The New York Times is beginning to join the Wall Street Journal and others in noticing that President Barrack Obama and George W. Bush are not that far apart -- at least as to security concepts. Perhaps Obama love is wearing off?
Reasons for the concern expressed by those that noted the similarity include:
--Obama’s FISA vote authorizing eavesdropping on some phone calls and e-mail messages without a warrant.
--Elena
Kagan (nominee for solicitor general) telling the Senate that someone
suspected of helping finance Al Qaeda should be subject to battlefield
law -- indefinite detention without a trial -- even if he were captured
in a place like the Philippines rather than in a physical battle zone.
--Leon
E. Panetta (nominee for C.I.A. director) disclosing a loophole in Mr.

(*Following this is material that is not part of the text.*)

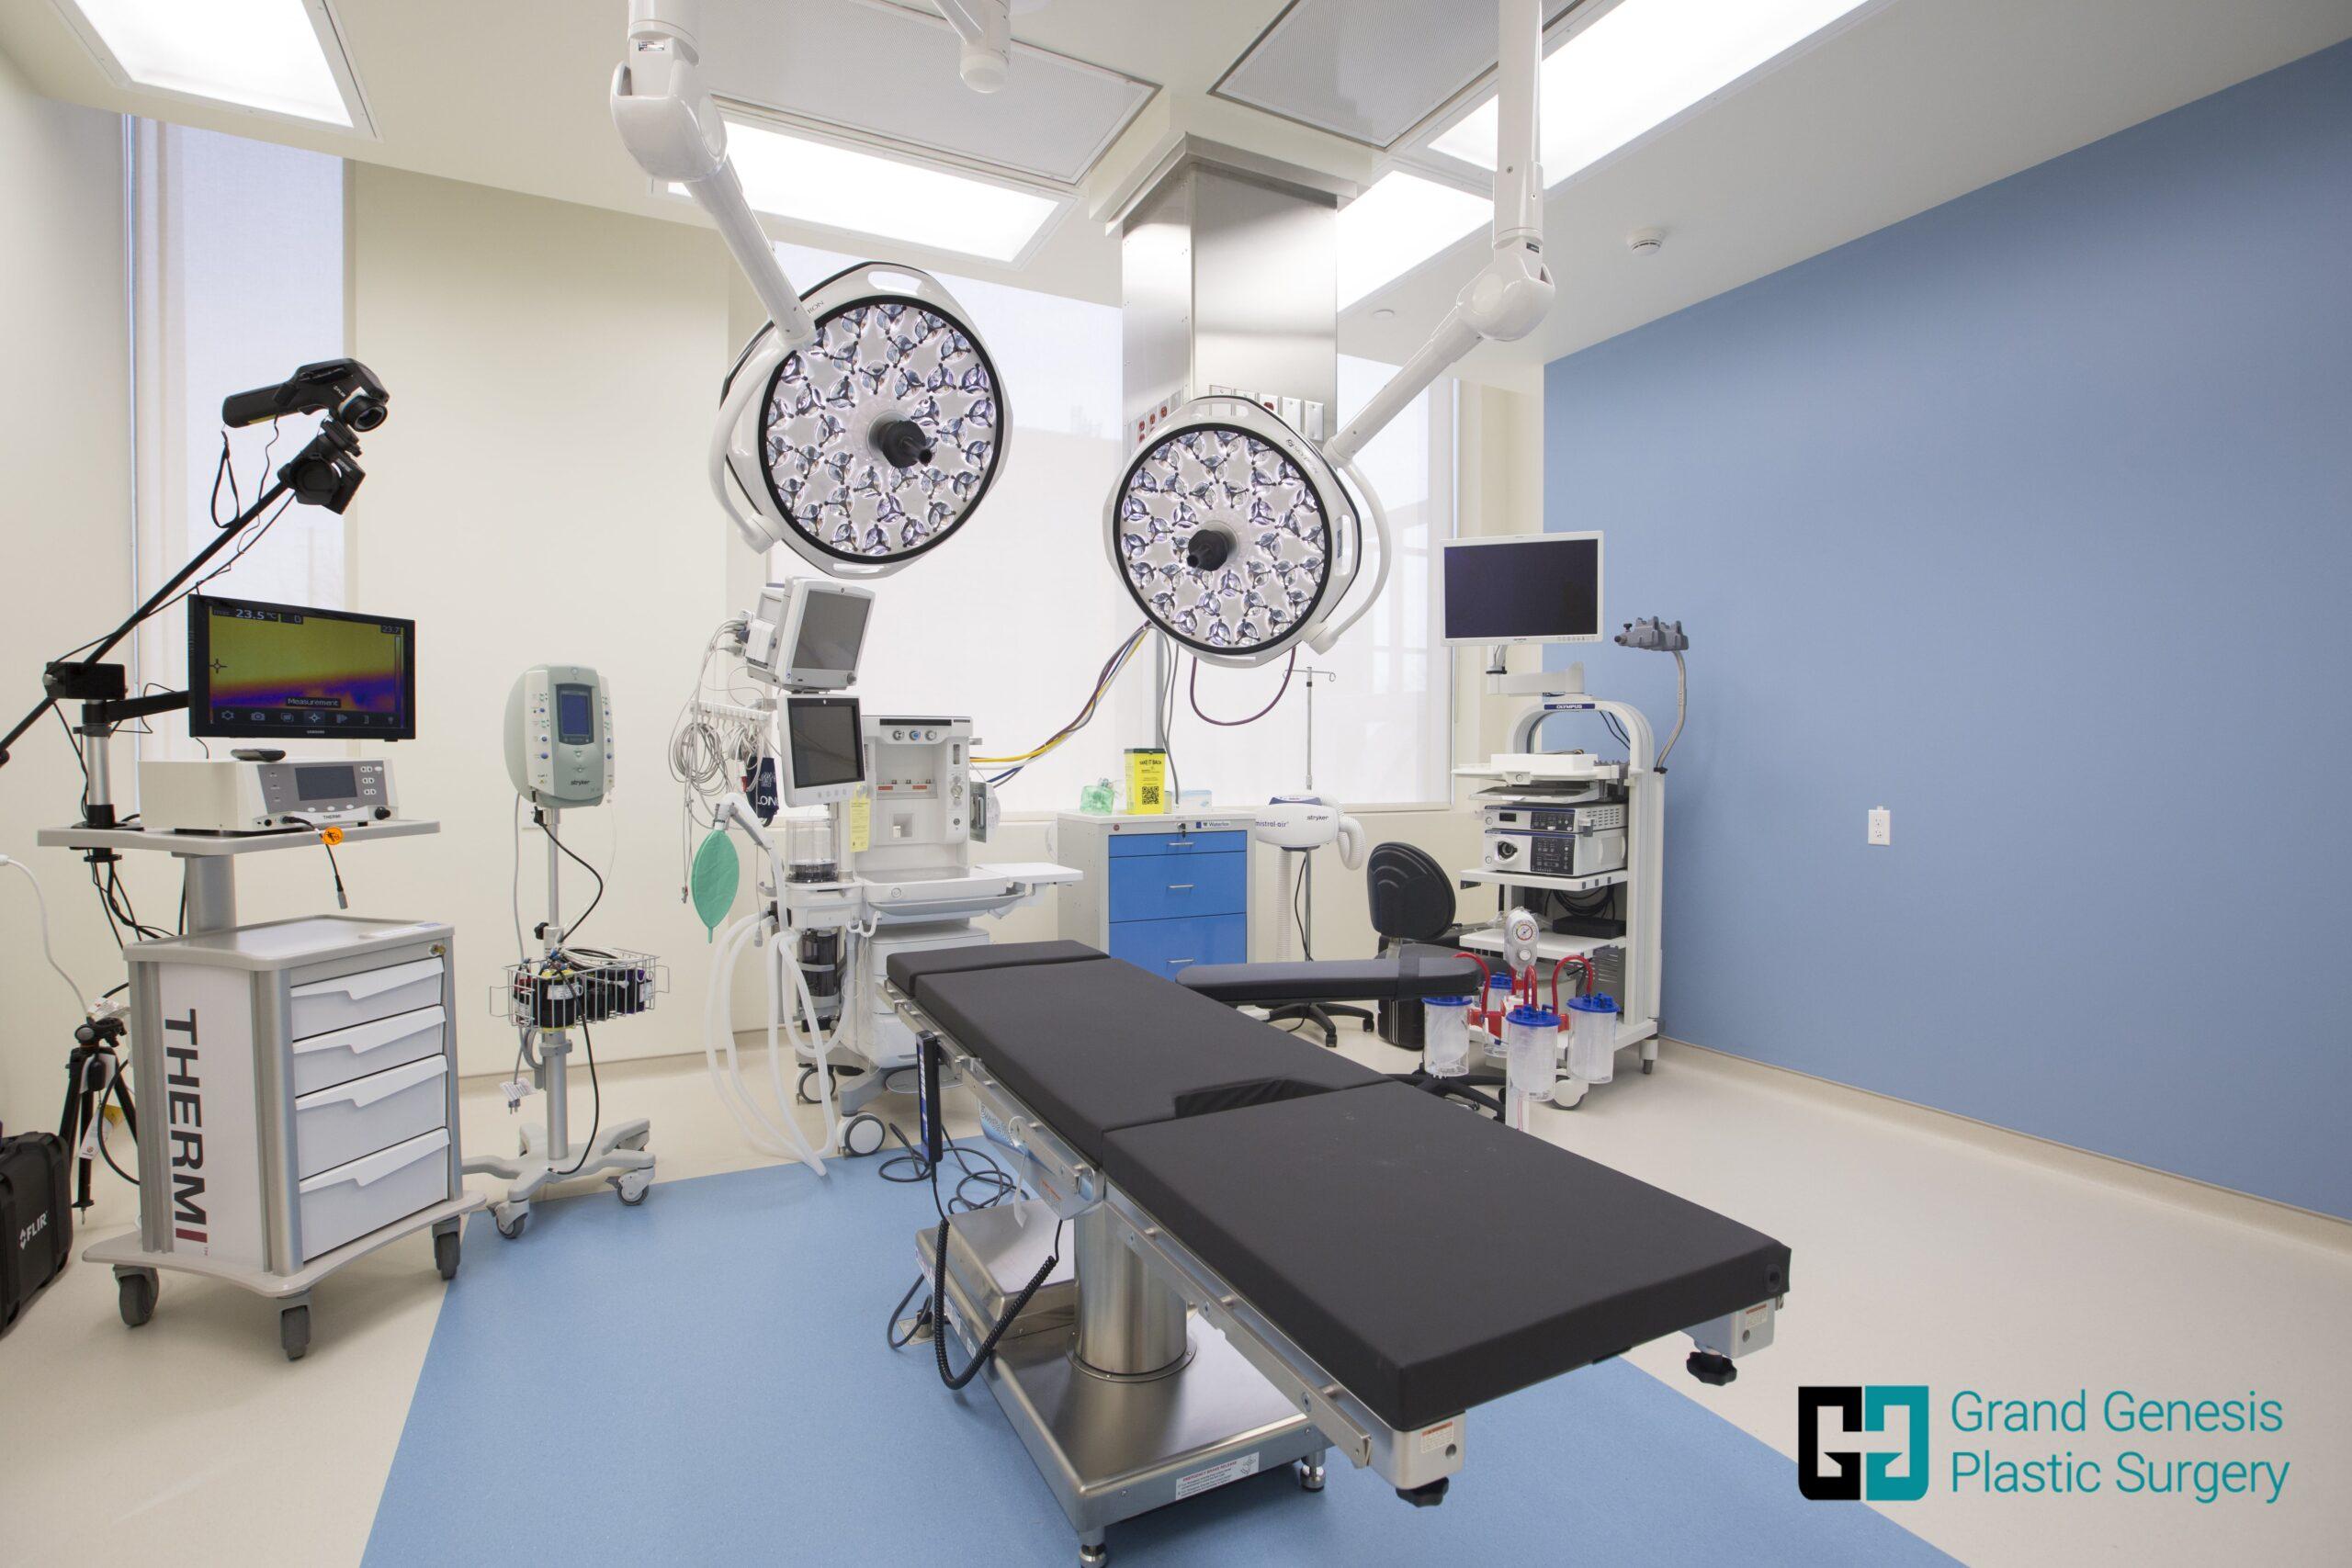 Grand Genesis plastic surgery operating room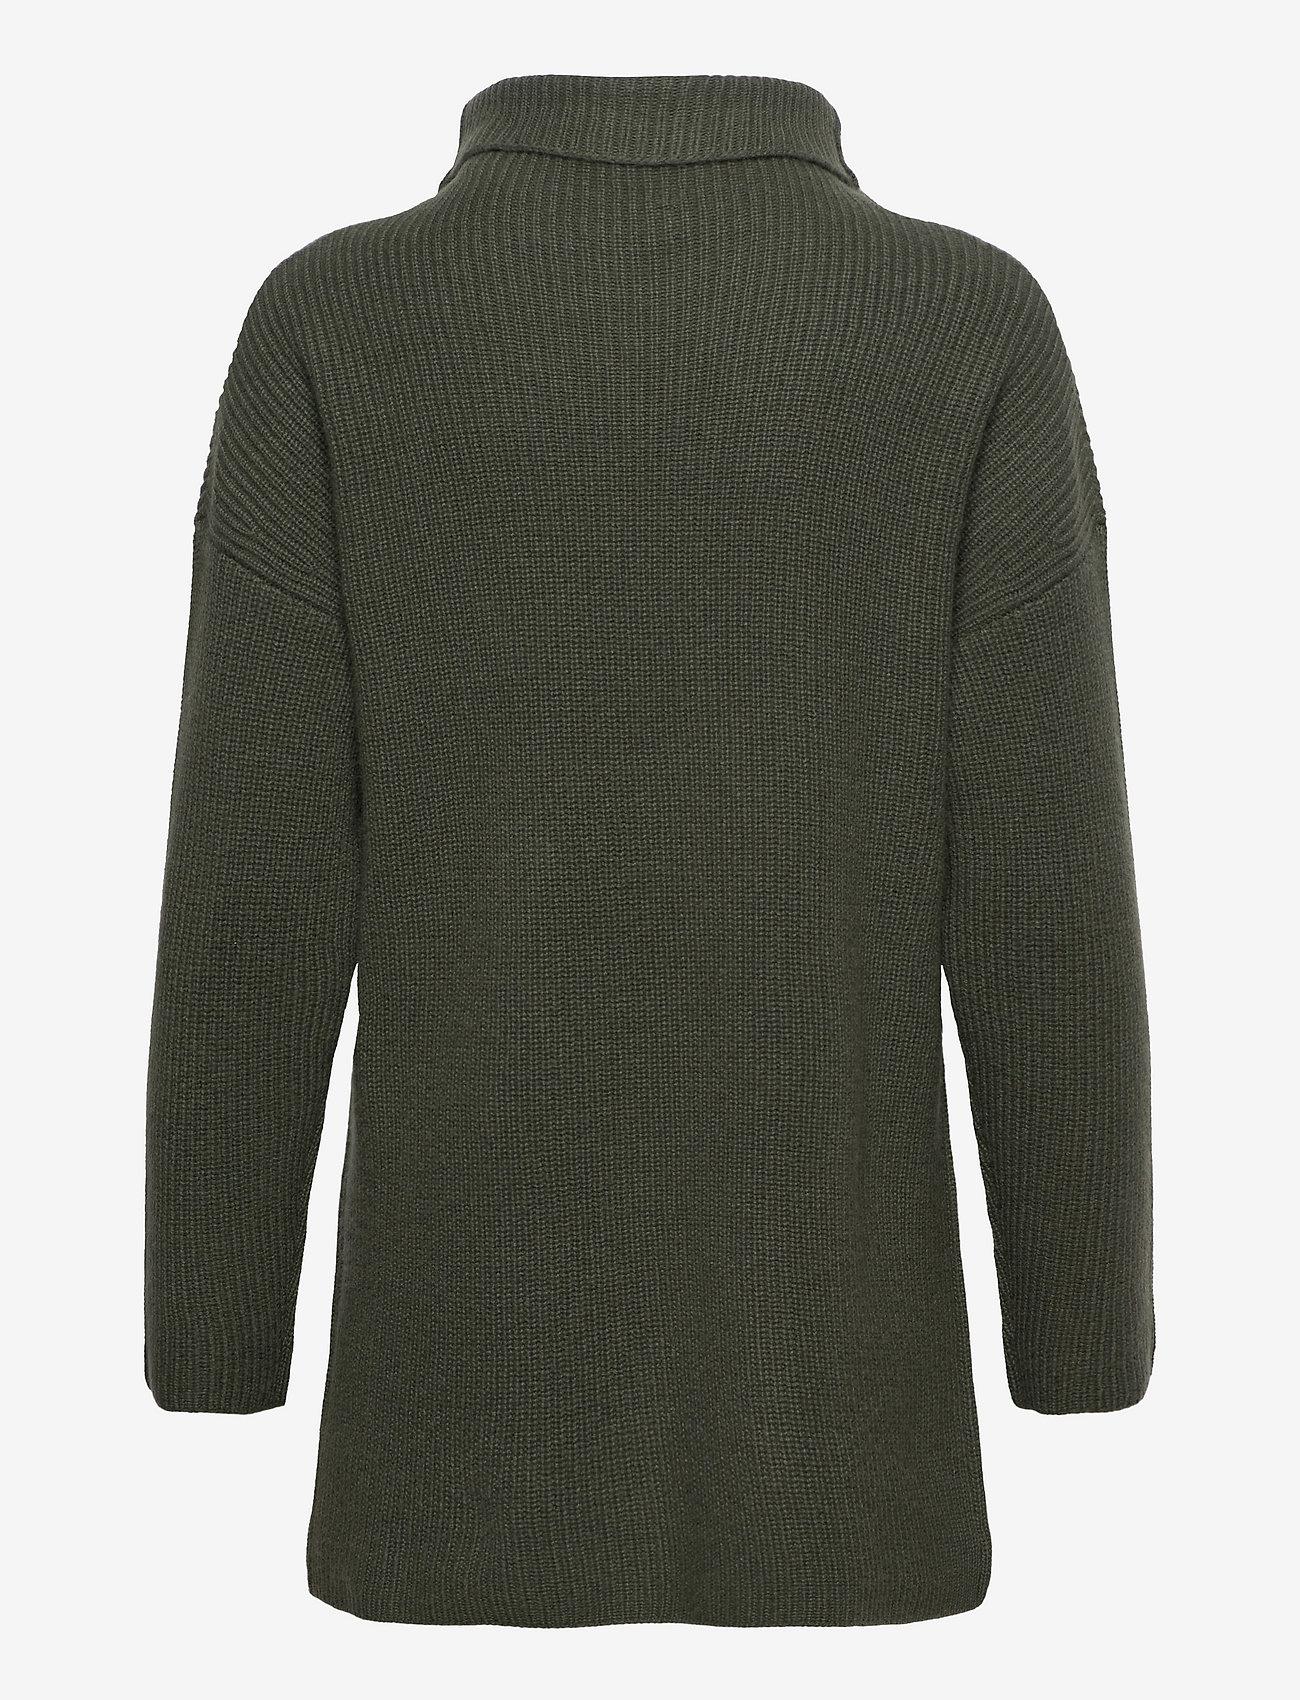 Davida Cashmere - Oversized Rib Sweater - turtlenecks - army green - 1

Obama’s interrogation restrictions, telling the Senate that if the
approved techniques were “not sufficient” to get a detainee to divulge
details he was suspected of knowing about an imminent attack, he would
ask for “additional authority,” and also saying the C.I.A. might
continue its “extraordinary rendition” program (seizing those suspected
of terror, and flying them to countries that are believed to ignore
torture restrictions and offer few legal rights, all without U.S. Court
review, the administration depending on the receiving countries
"assurance" it does not torture).
--White House counsel, Gregory
B. Craig, told NY Times reporter Charlie Savage that “Every president
in my lifetime has invoked the state-secrets privilege,” (but with
Craig claiming it was not "the Bush approach" as Obama did more than
try to keep evidence out of a trial -- he tried to use the state-secrets
doctrine to shut down an entire case). Craig also commented to Jane
Mayer, reporter for the New Yorker about the concept of taking a person
off the street and holding him forever without there ever being a Court
hearing -- indefinite detention without charge or court review, "preventive detention" -- that "It's possible but hard to imagine Barack
Obama as the first President of the United States to introduce a
preventive-detention law."
The fact is that it appears Obama is
in no hurry to renounce many Bush-era policies (e.g. imprisonment
without trial of an “enemy combatant” on domestic soil, rejection of
Freedom of Information Act lawsuits seeking legal opinions about
interrogation and surveillance, and use of executive-privilege to
reject Congressional subpoenas of former White House aides to Mr. Bush
over the firing of United States attorneys).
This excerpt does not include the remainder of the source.